### WORK TASK
Pictures are to be left out, and only the lines from the one containing "Bücherregale Berlin geschwärzt" through the last line of the data are to be returned exactly.

### DATA EXCERPT
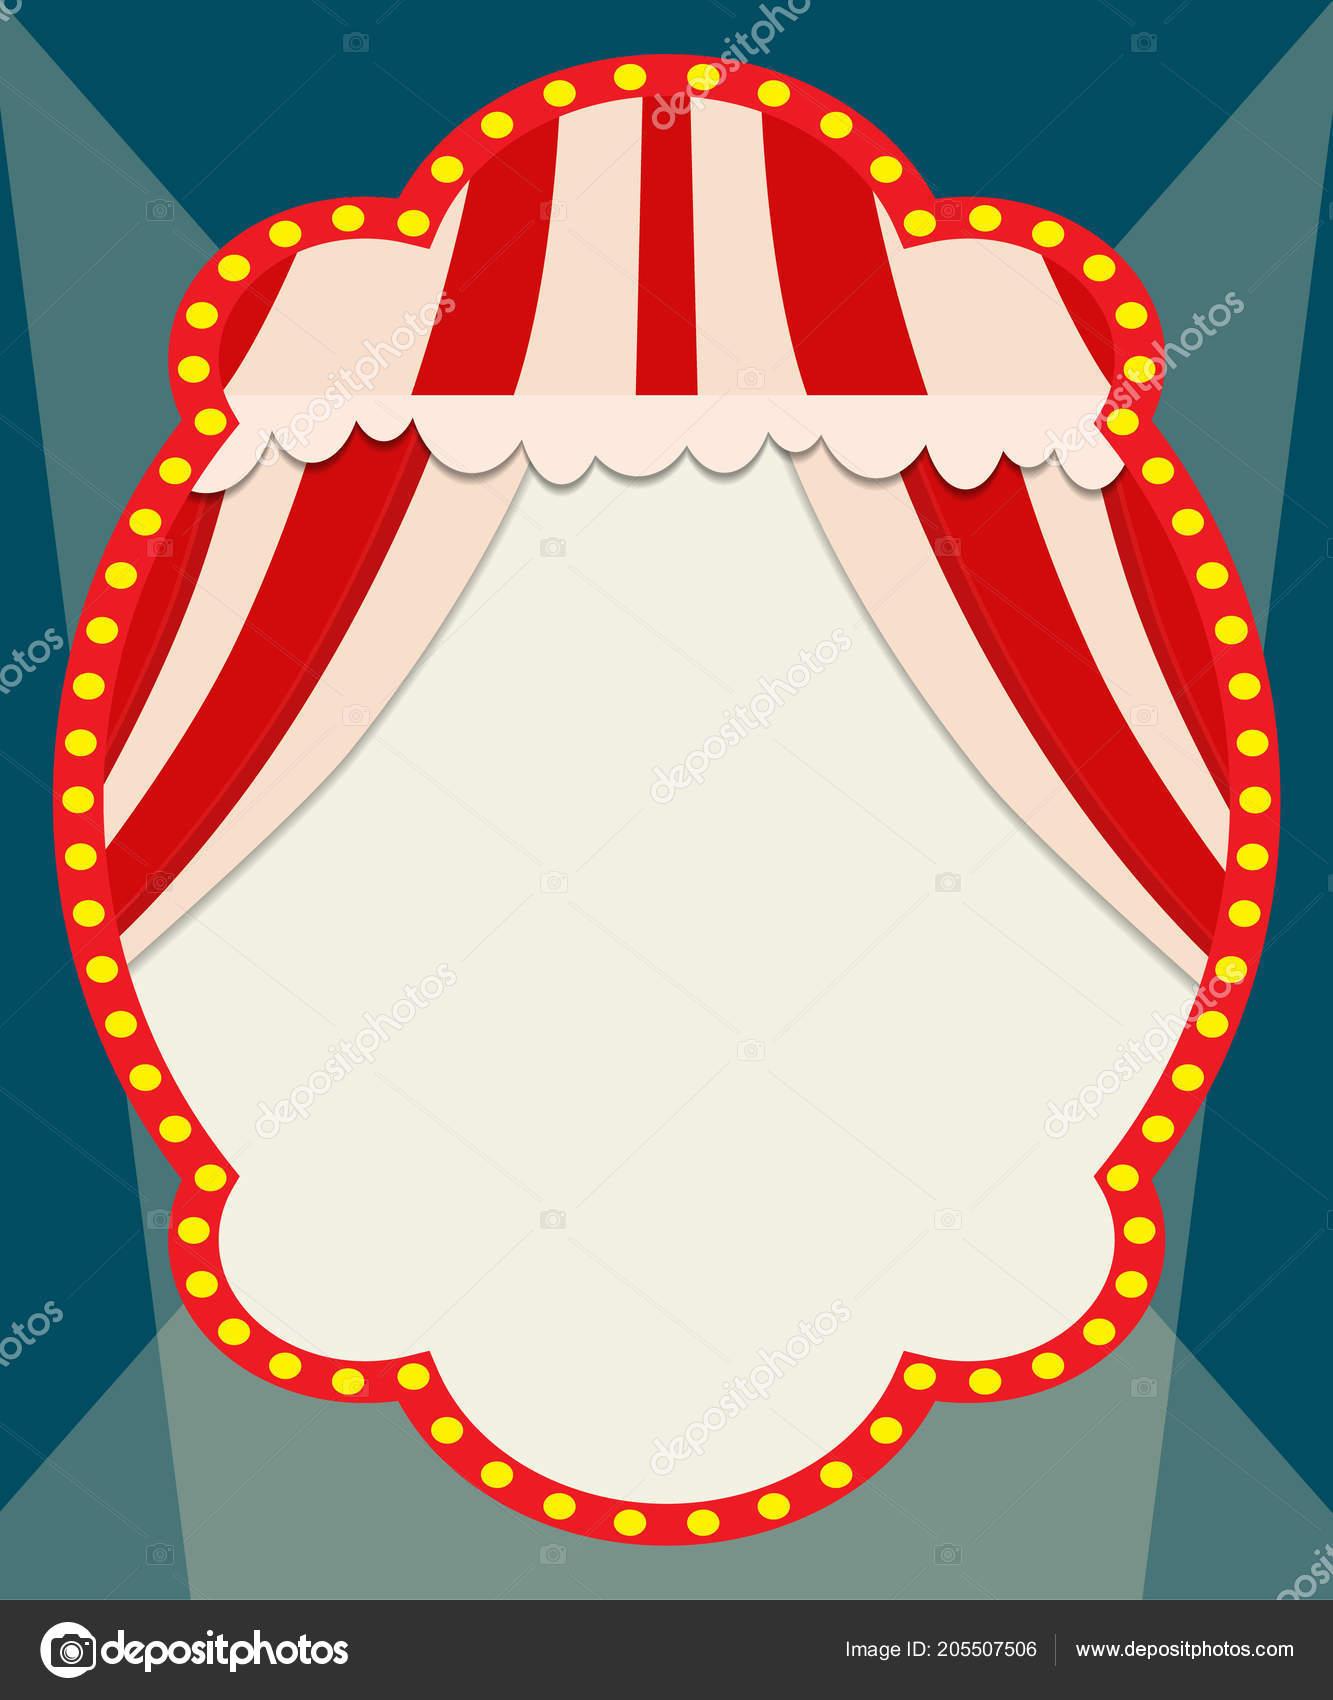 Poster Template Retro Circus Banner Design Presentation Concert Show Vector Stock
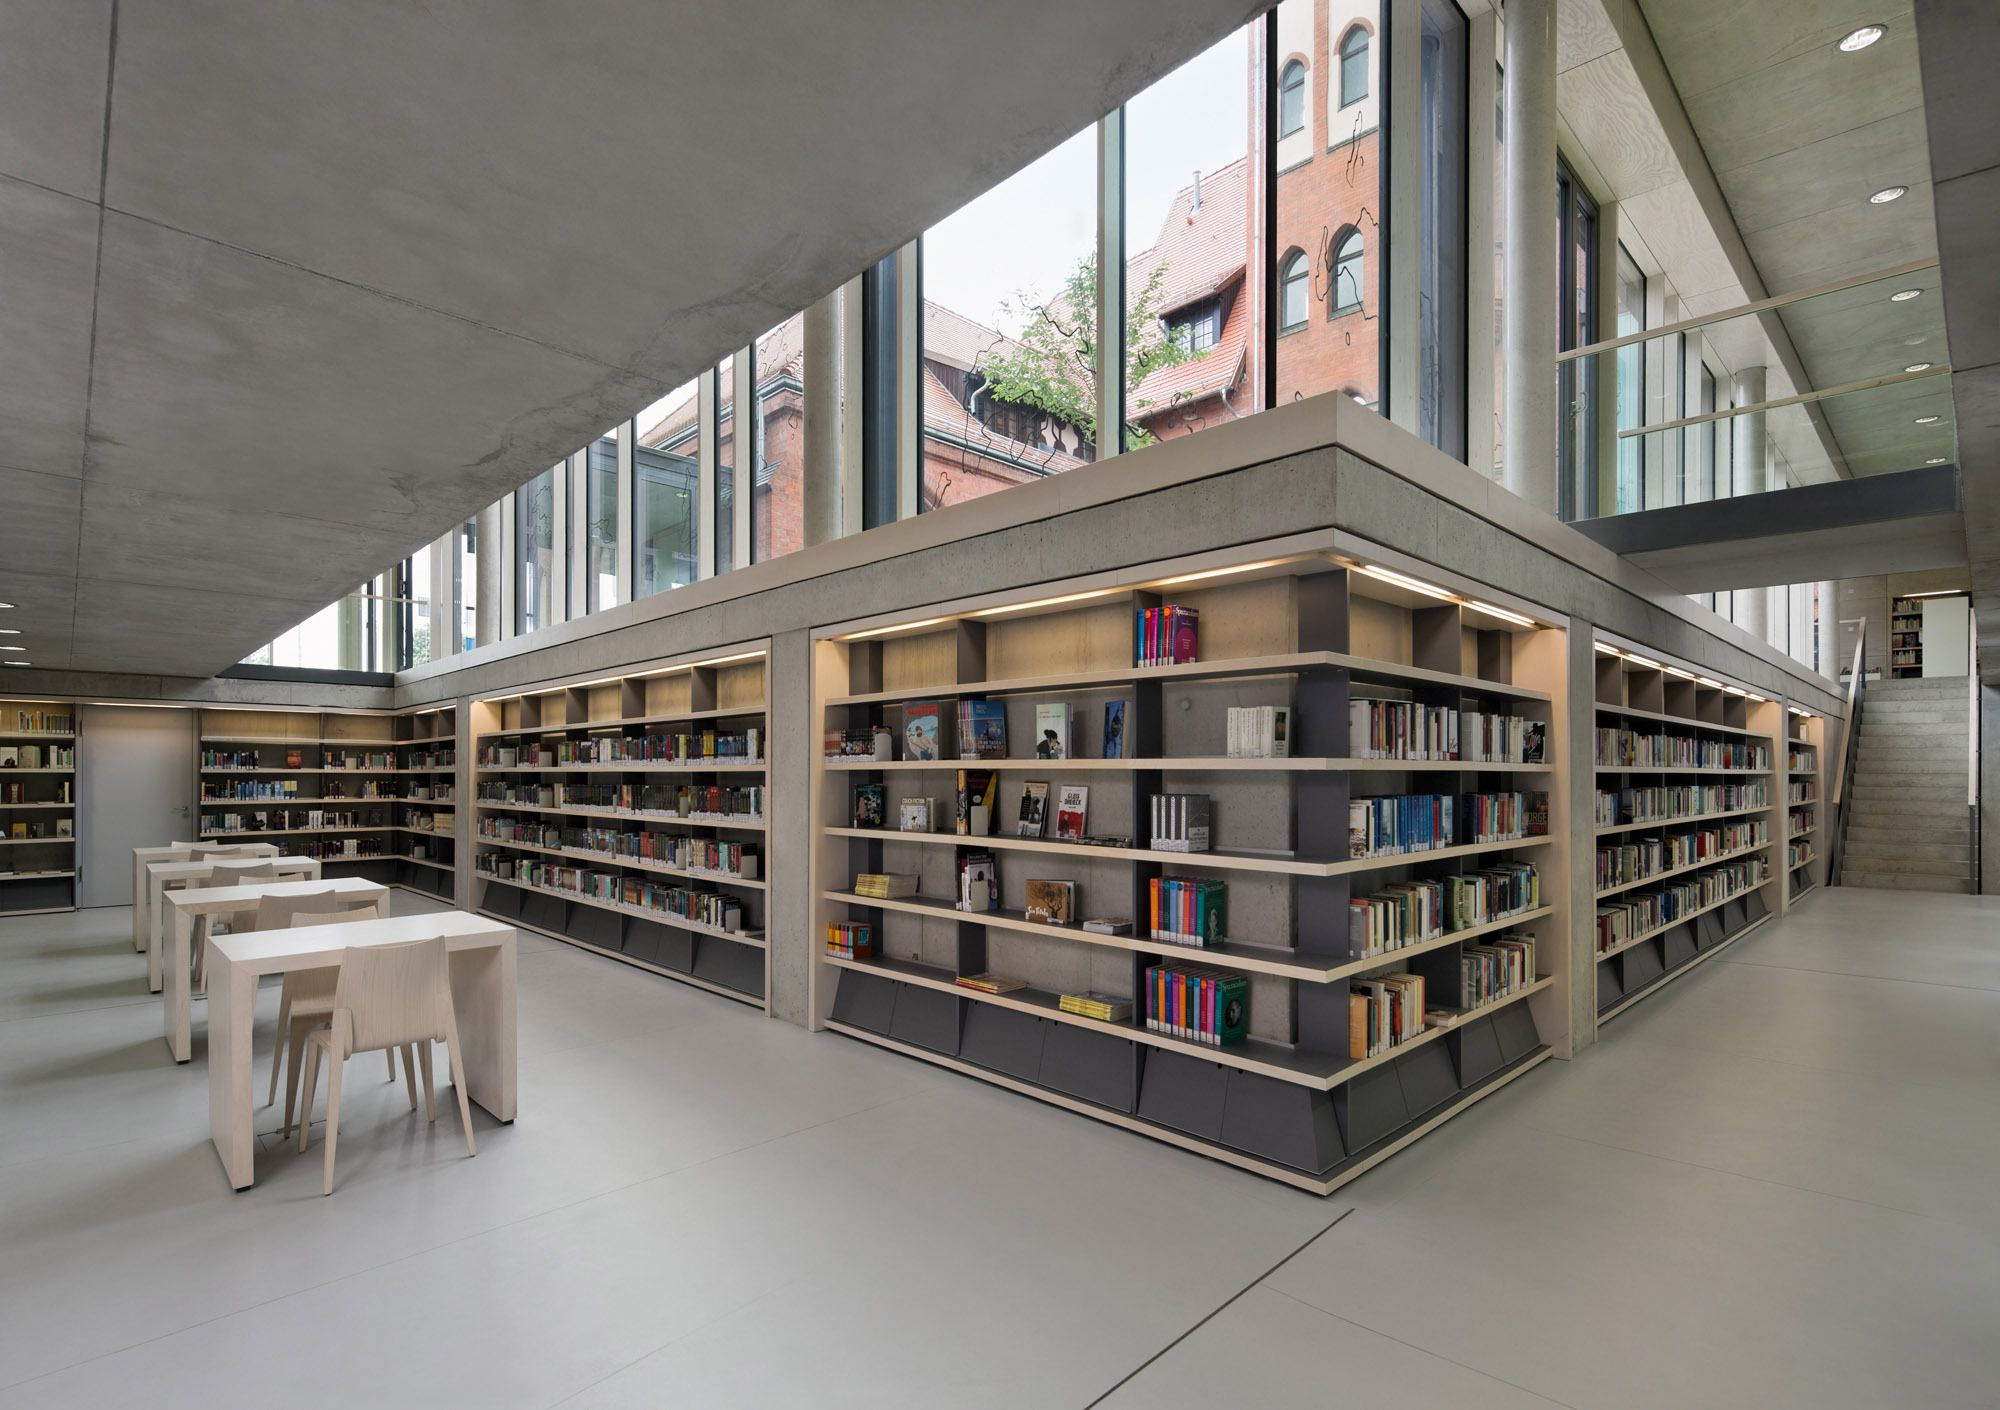 Bücherregale Berlin geschwärzt bibliothek chestnutt niess architekten in berlin
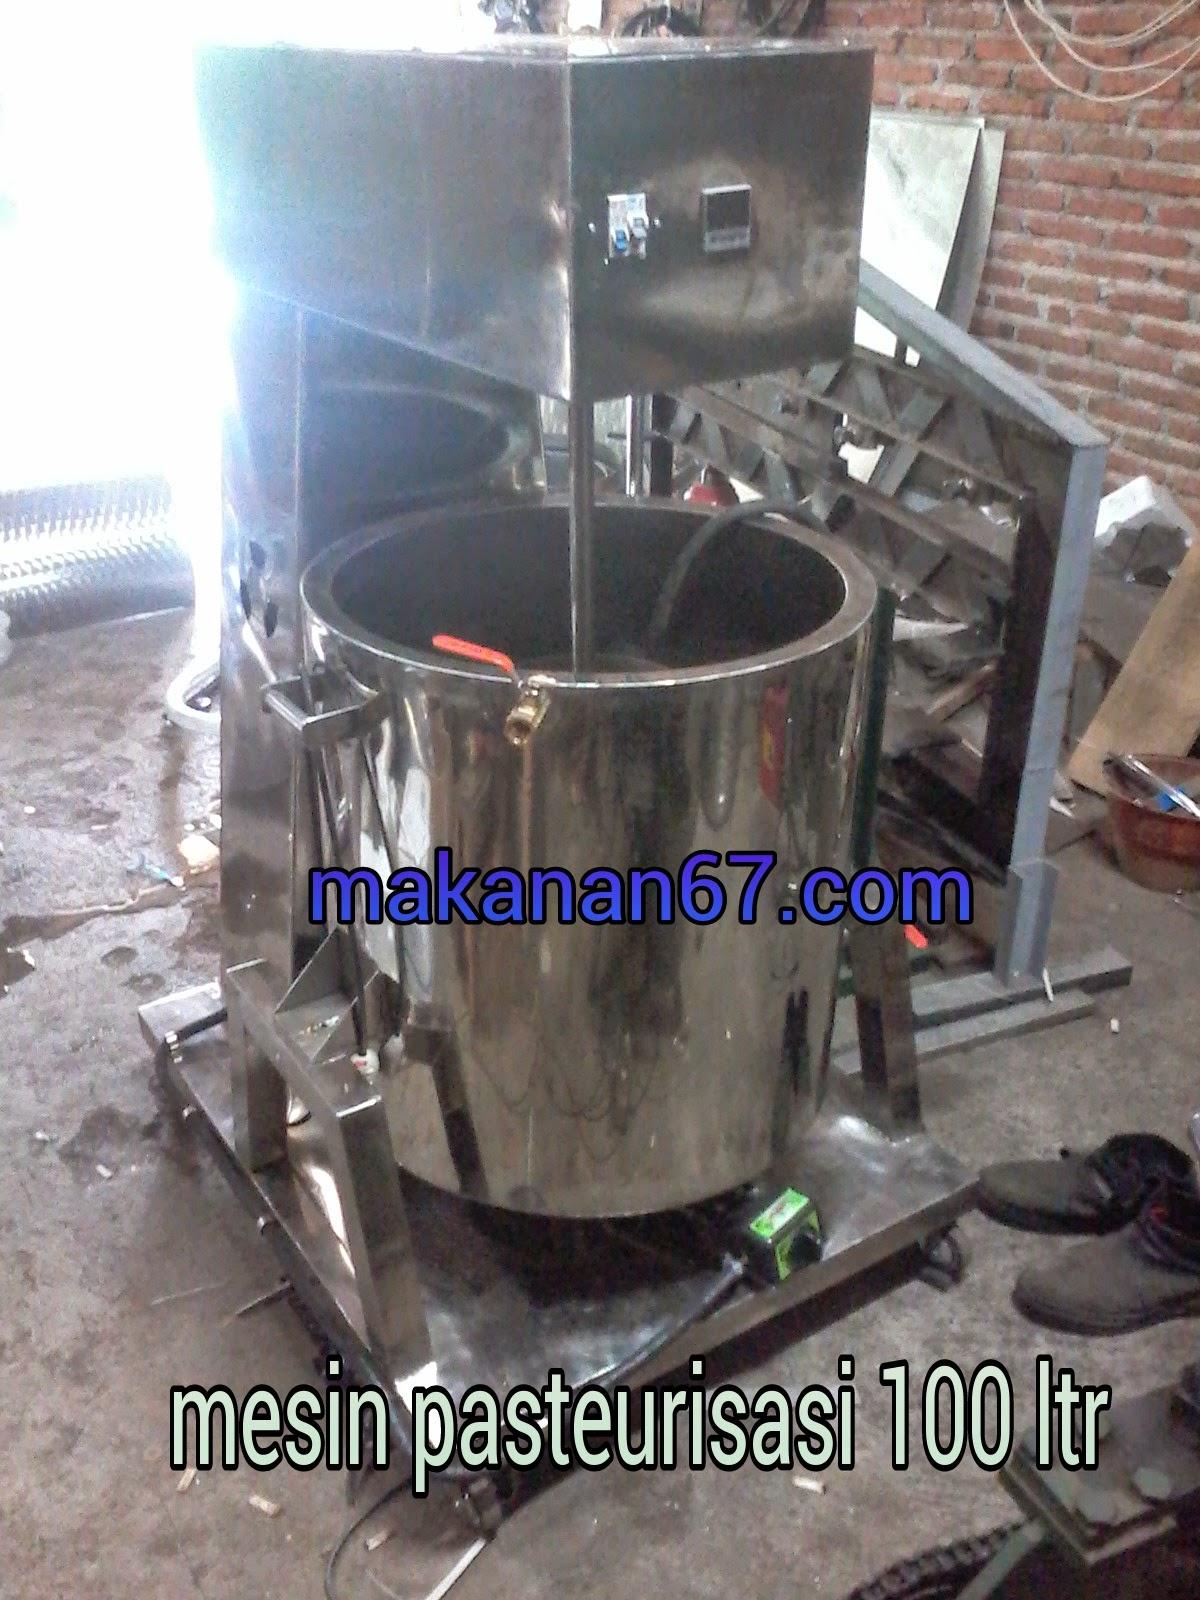 http://mesinpasteurisasi.blogspot.com/

### ANSWER BOX
 Bücherregale Berlin geschwärzt bibliothek chestnutt niess architekten in berlin
 http://mesinpasteurisasi.blogspot.com/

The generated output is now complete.